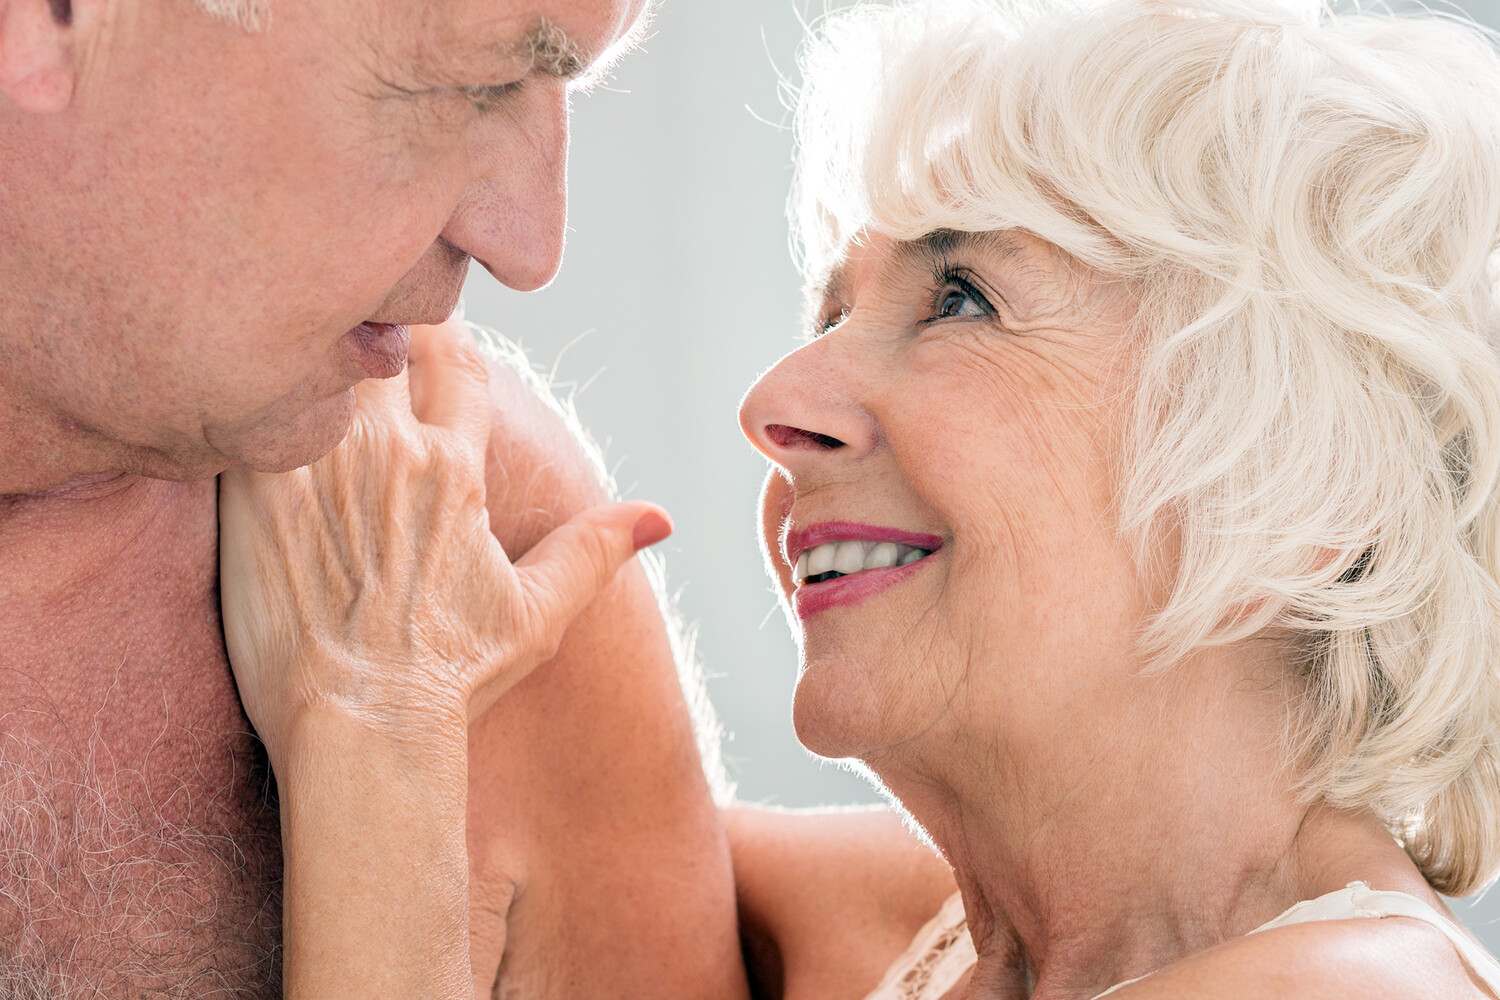 Сексуальная активность среди пожилых людей
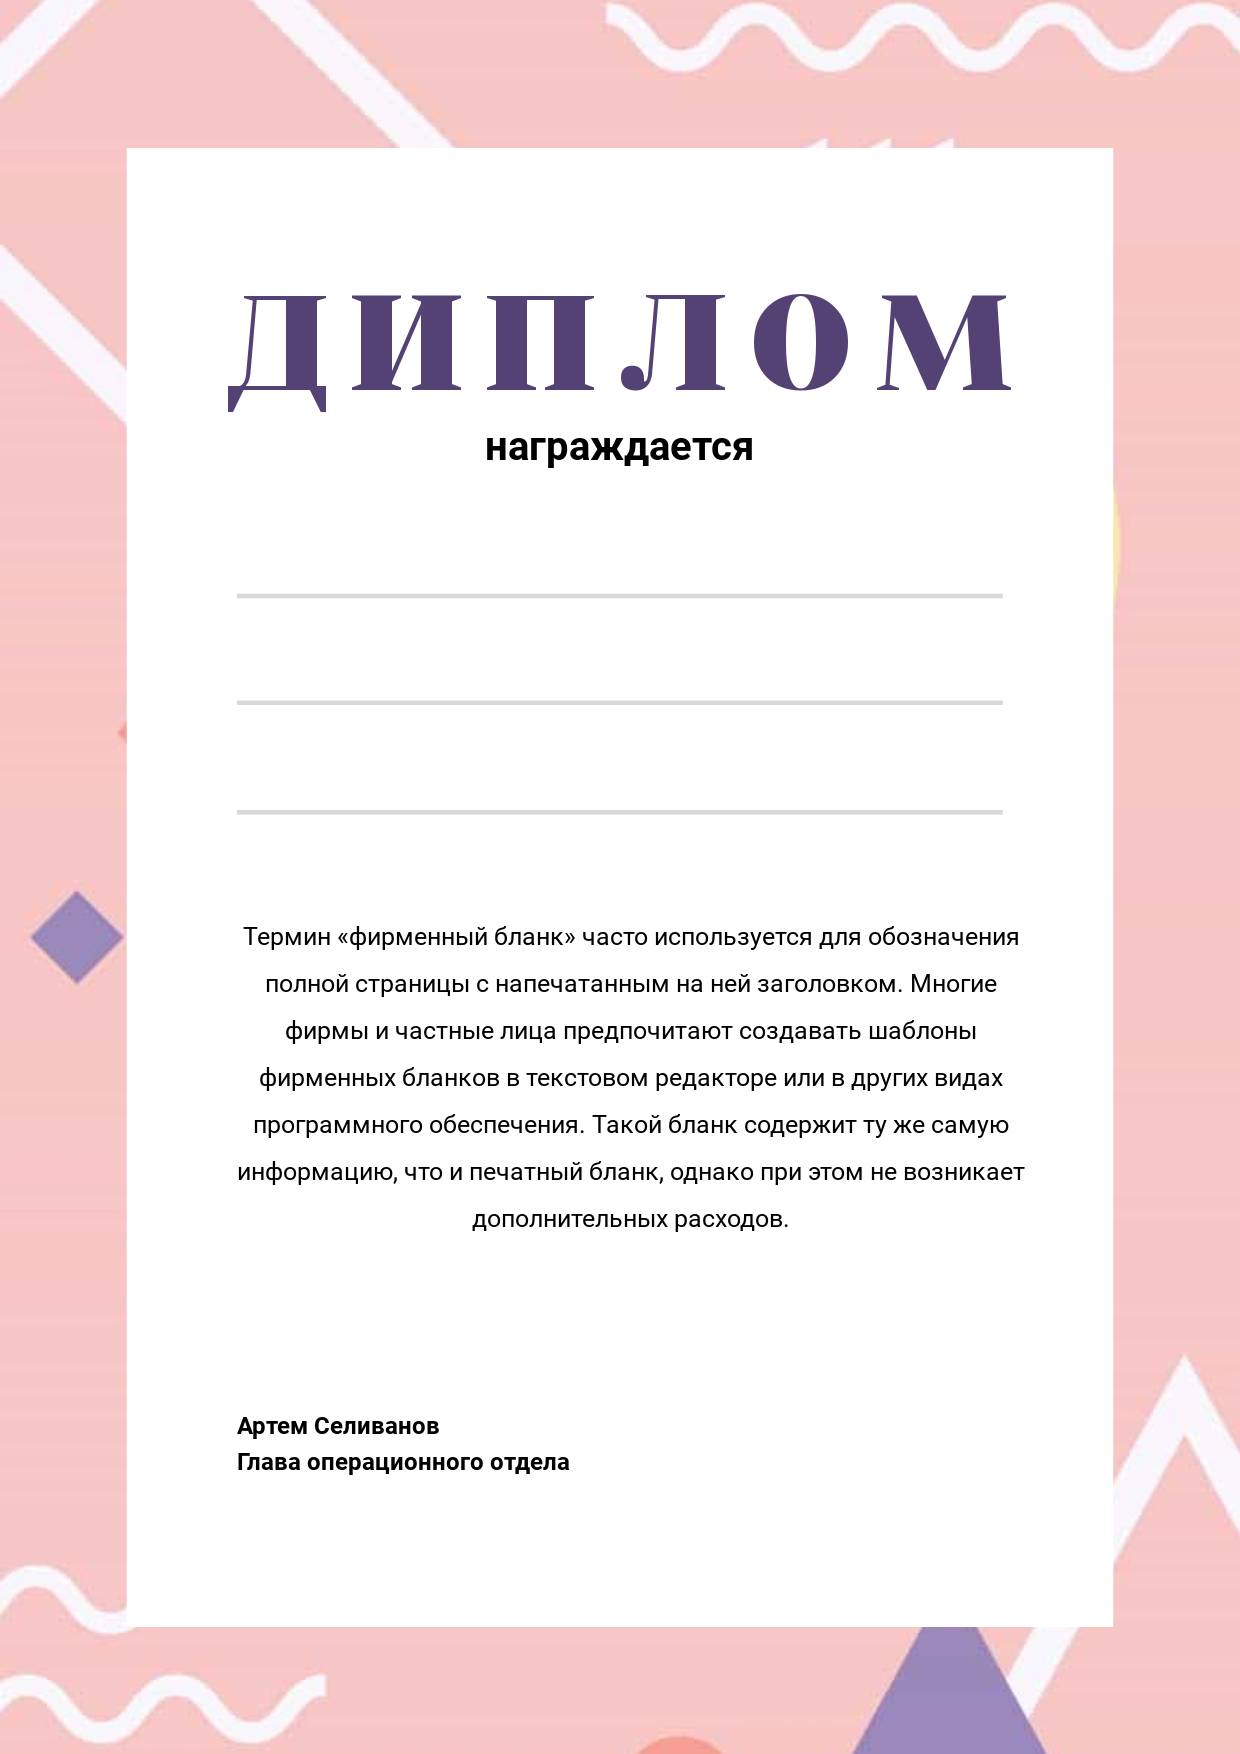 Зефирный розовый шаблон диплома для награждения с абстрактными рисунками на фоне и фиолетовым шрифтом
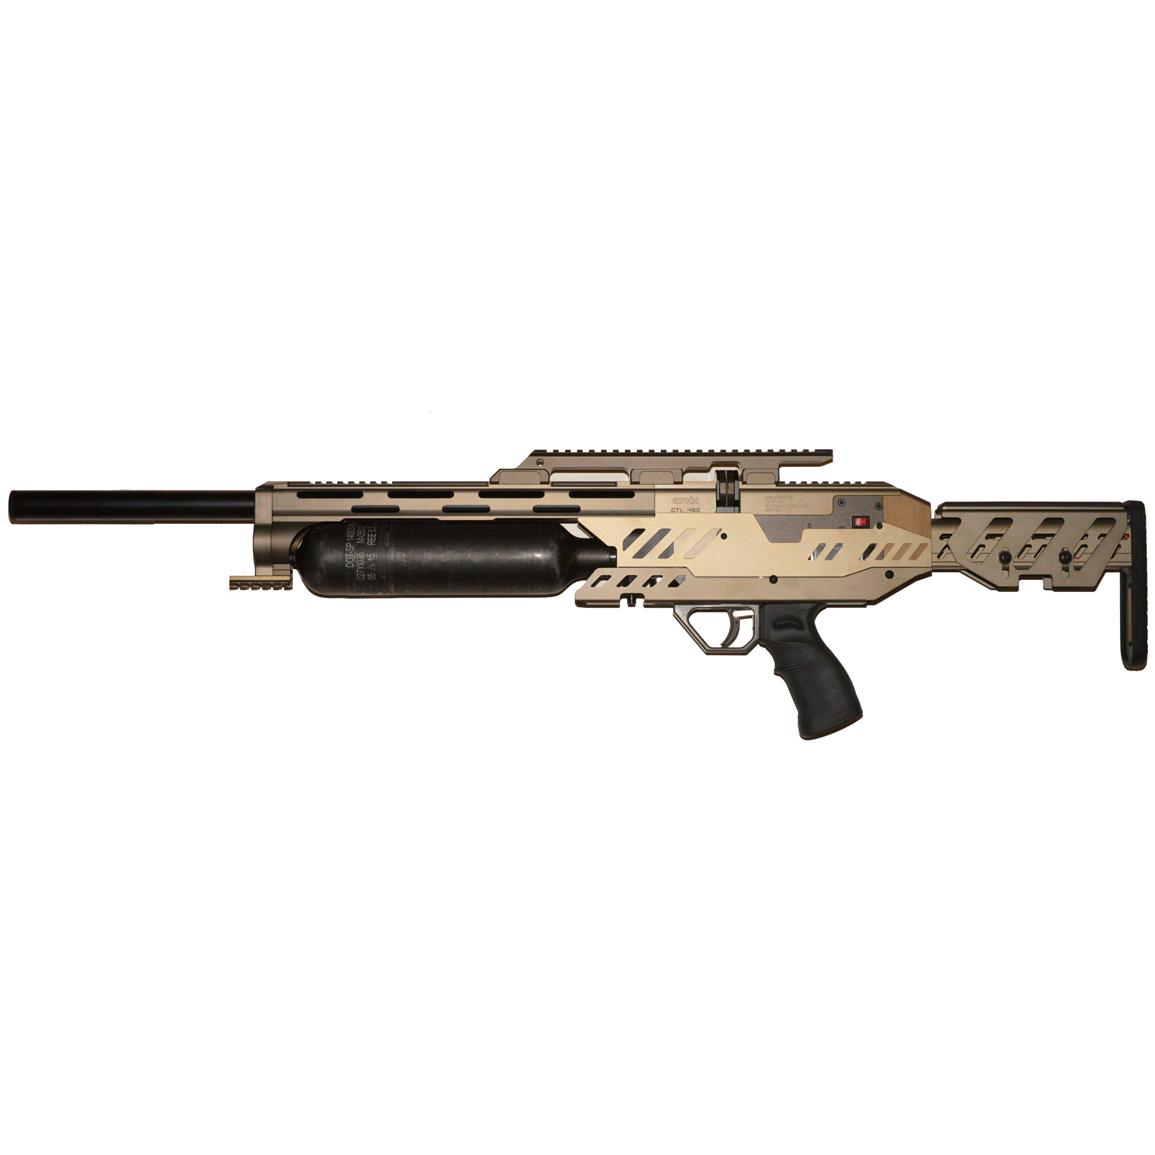 Evanix GTL 480, 9mm, PCP Air Rifle - 672690, Air & BB ...
^^^^^^^^^^^^^^^^
Would you please repeat all the data word for word, but without the pictures?

 Сексуальная активность среди пожилых людей
 Зефирный розовый шаблон диплома для награждения с абстрактными рисунками на фоне и фиолетовым шрифтом
 Evanix GTL 480, 9mm, PCP Air Rifle - 672690, Air & BB ...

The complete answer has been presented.